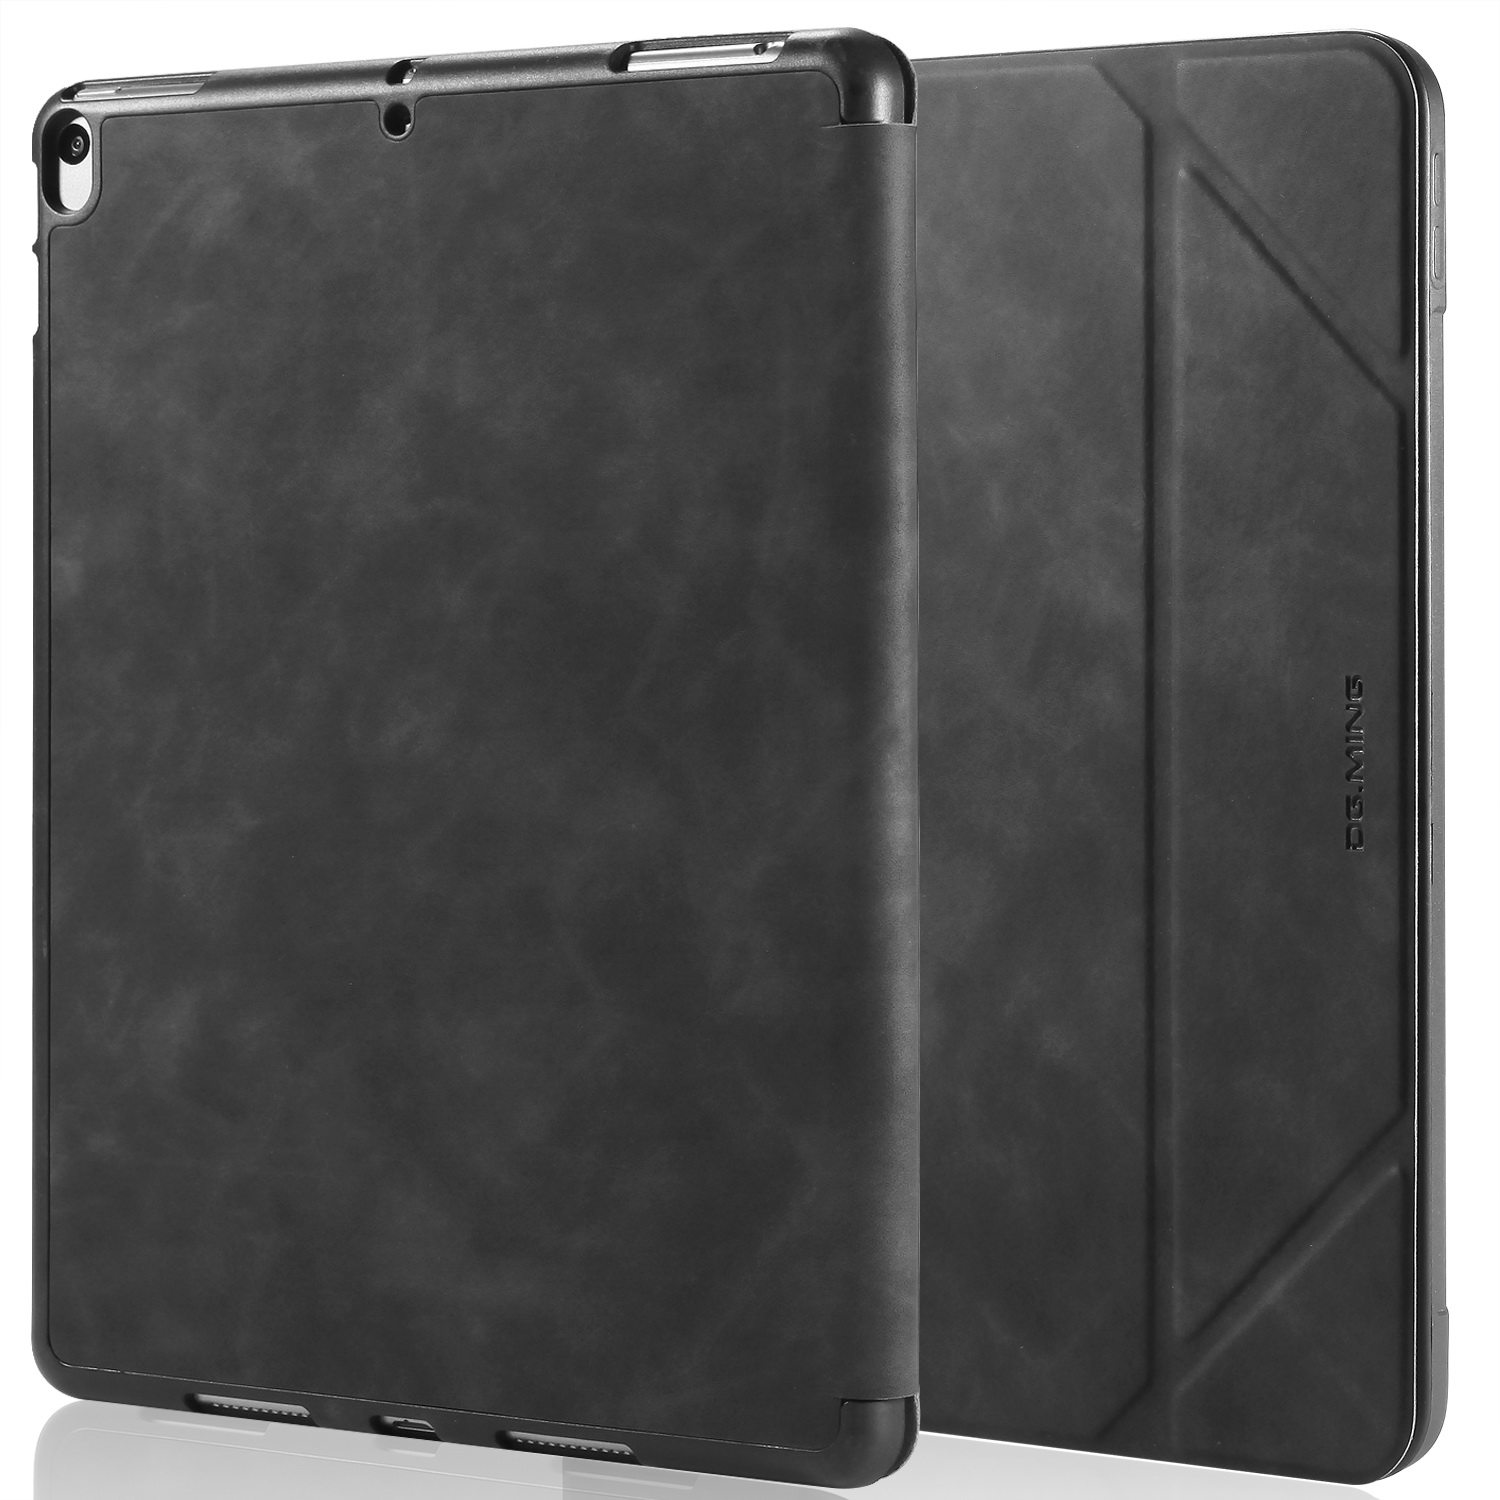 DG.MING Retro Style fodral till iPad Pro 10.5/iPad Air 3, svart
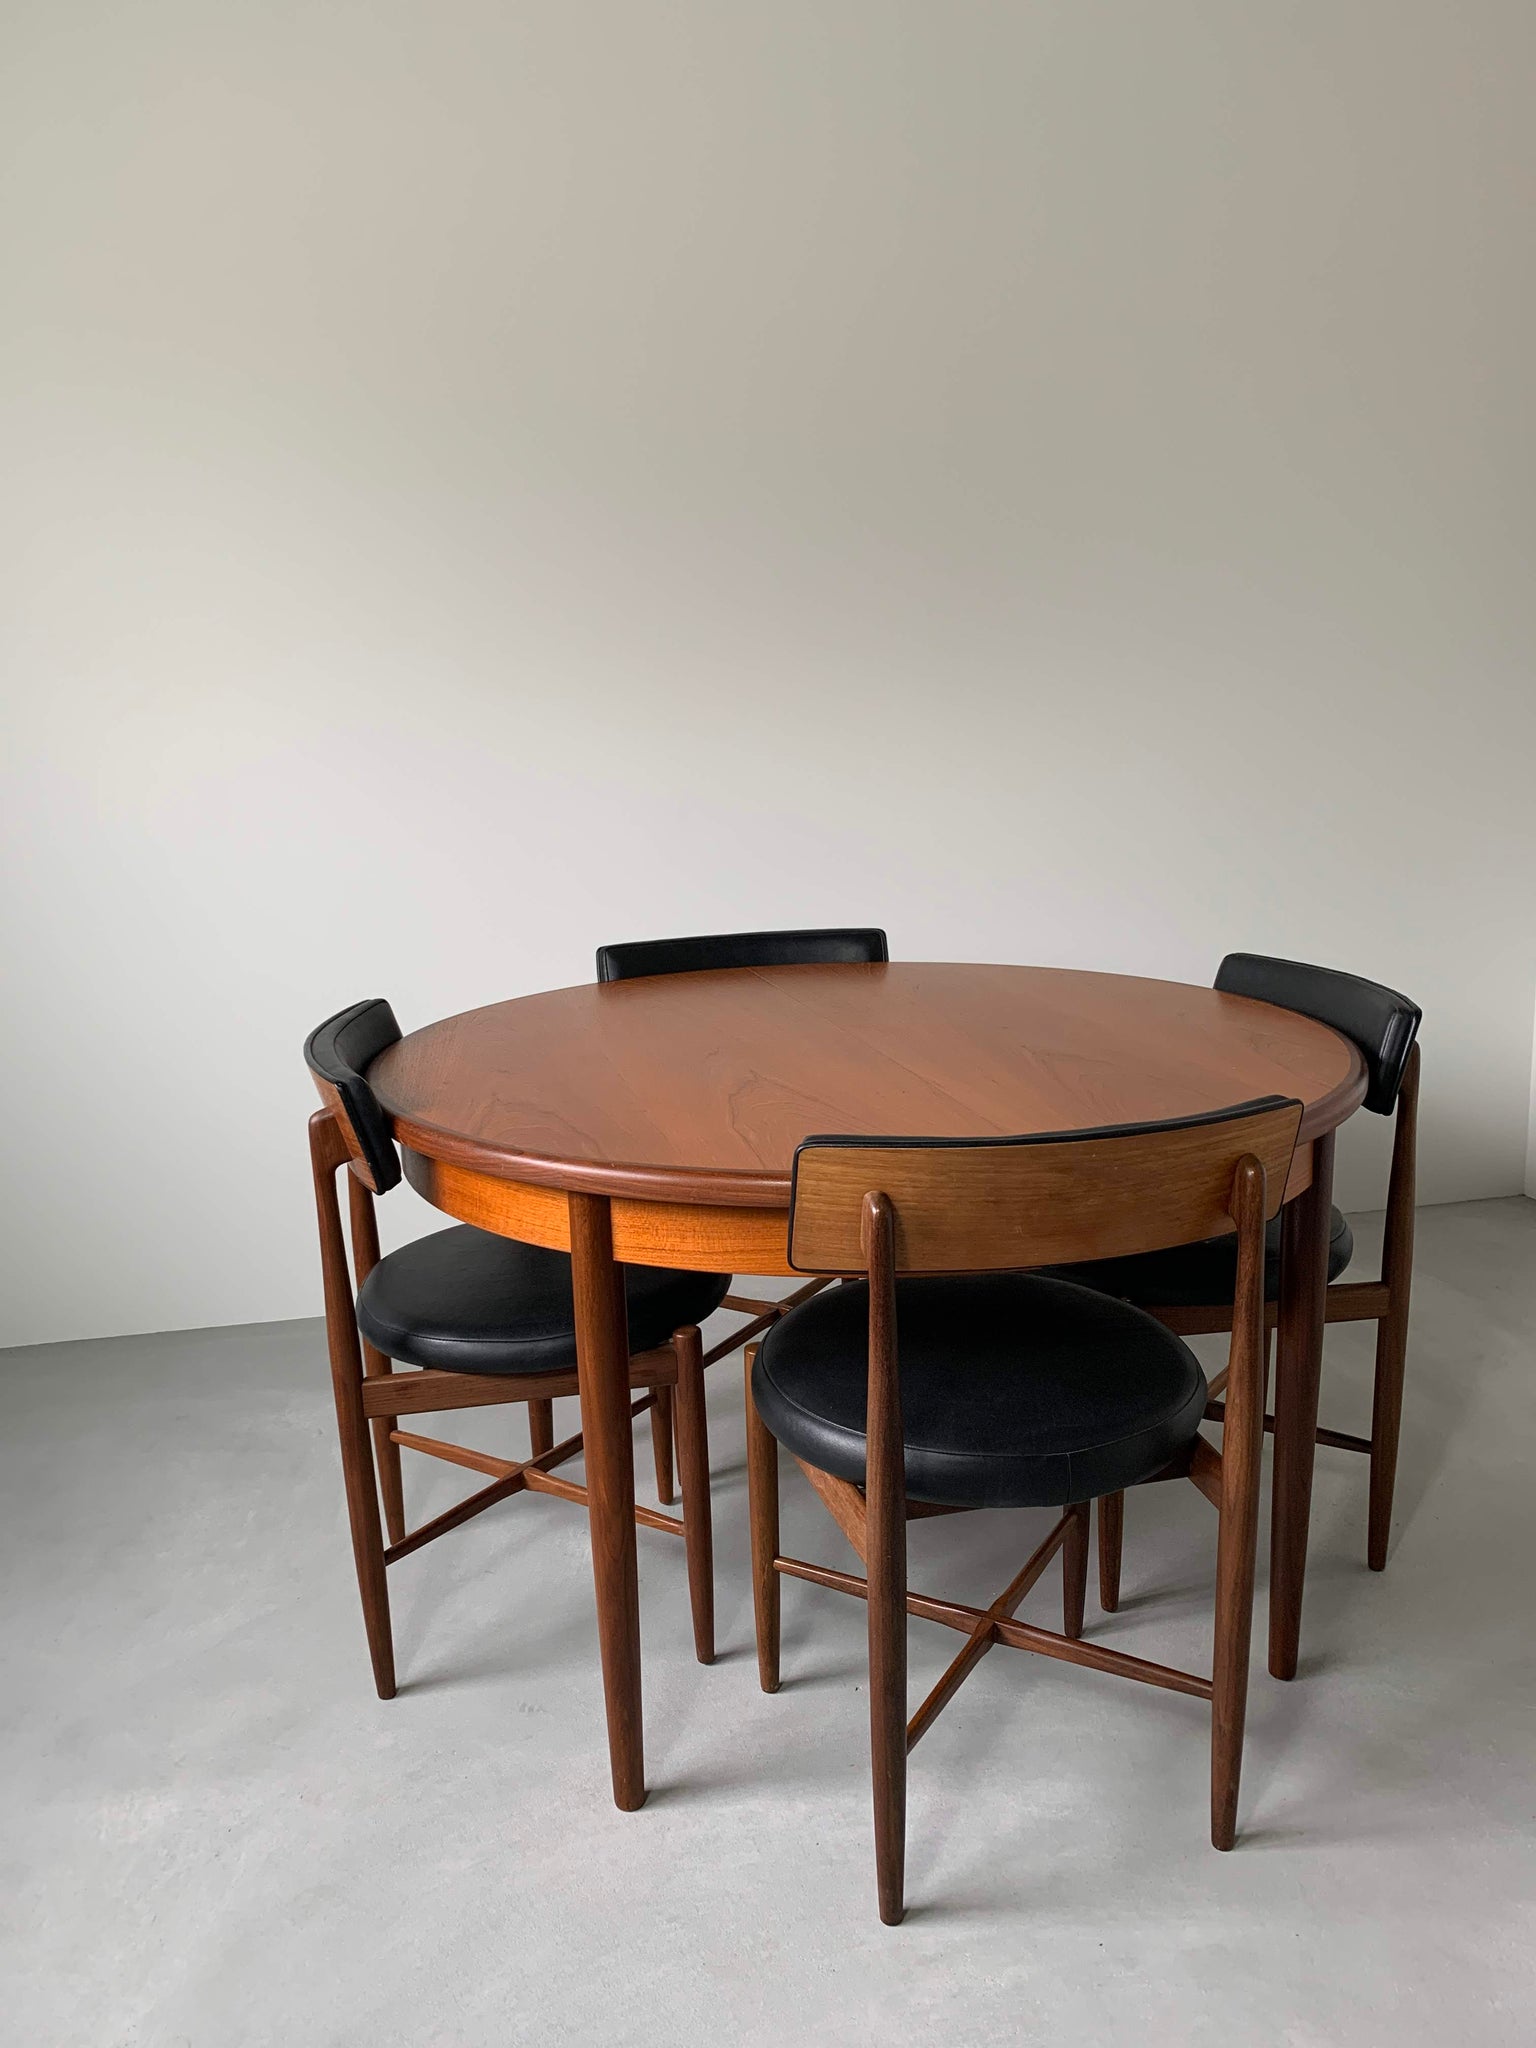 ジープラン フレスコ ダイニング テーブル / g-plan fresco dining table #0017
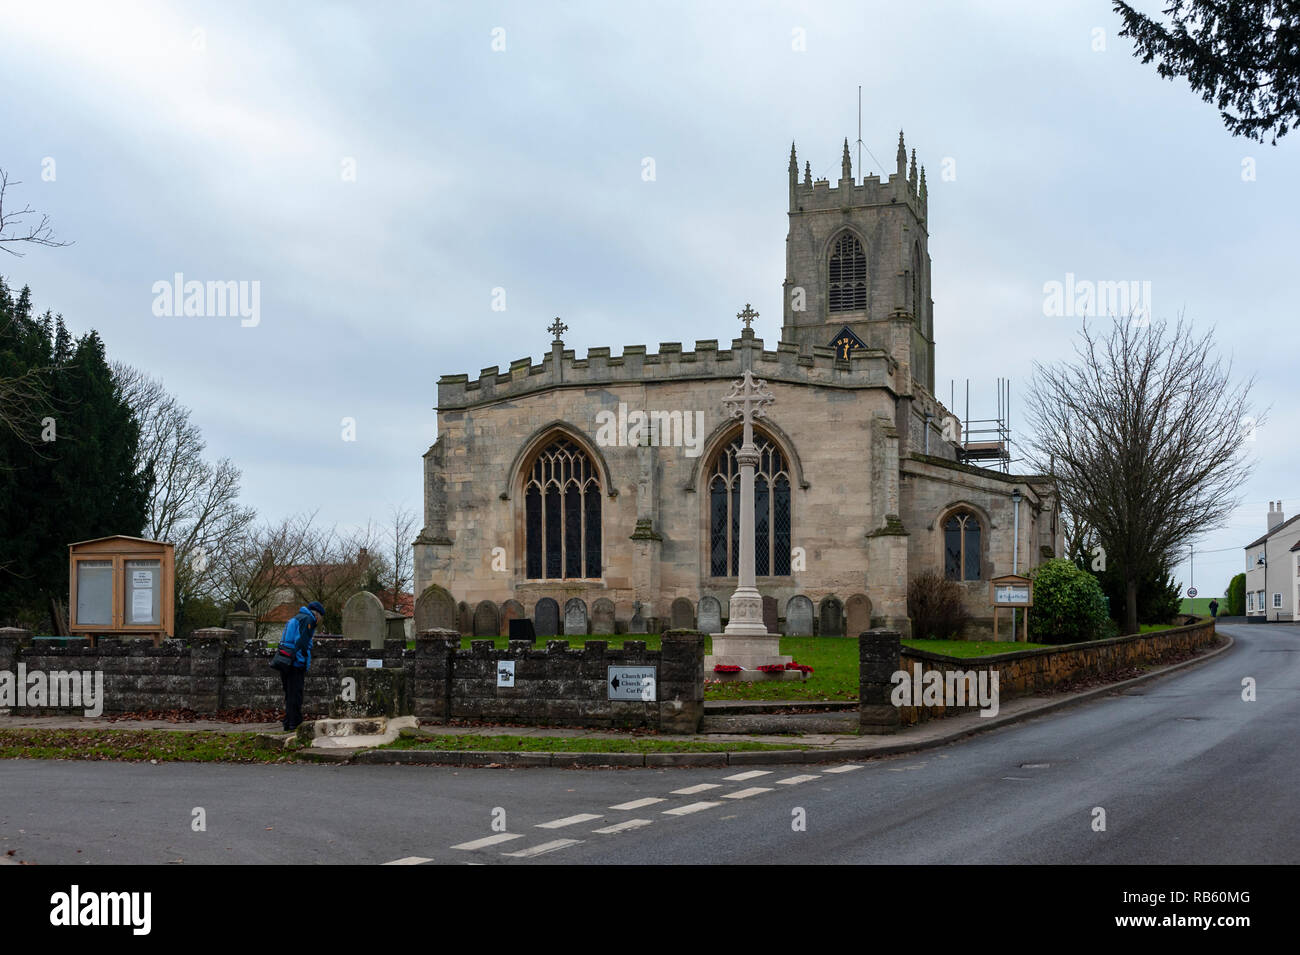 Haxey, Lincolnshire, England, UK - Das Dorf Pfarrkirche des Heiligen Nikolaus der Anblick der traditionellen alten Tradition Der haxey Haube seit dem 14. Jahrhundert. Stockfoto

> _TASK REQUIREMENTS_
Drop every picture from the data, then output all the rest exactly.

> _EXERCISE SOLUTION_
 DG.MING Retro Style fodral till iPad Pro 10.5/iPad Air 3, svart
 ジープラン フレスコ ダイニング テーブル / g-plan fresco dining table #0017
 Haxey, Lincolnshire, England, UK - Das Dorf Pfarrkirche des Heiligen Nikolaus der Anblick der traditionellen alten Tradition Der haxey Haube seit dem 14. Jahrhundert. Stockfoto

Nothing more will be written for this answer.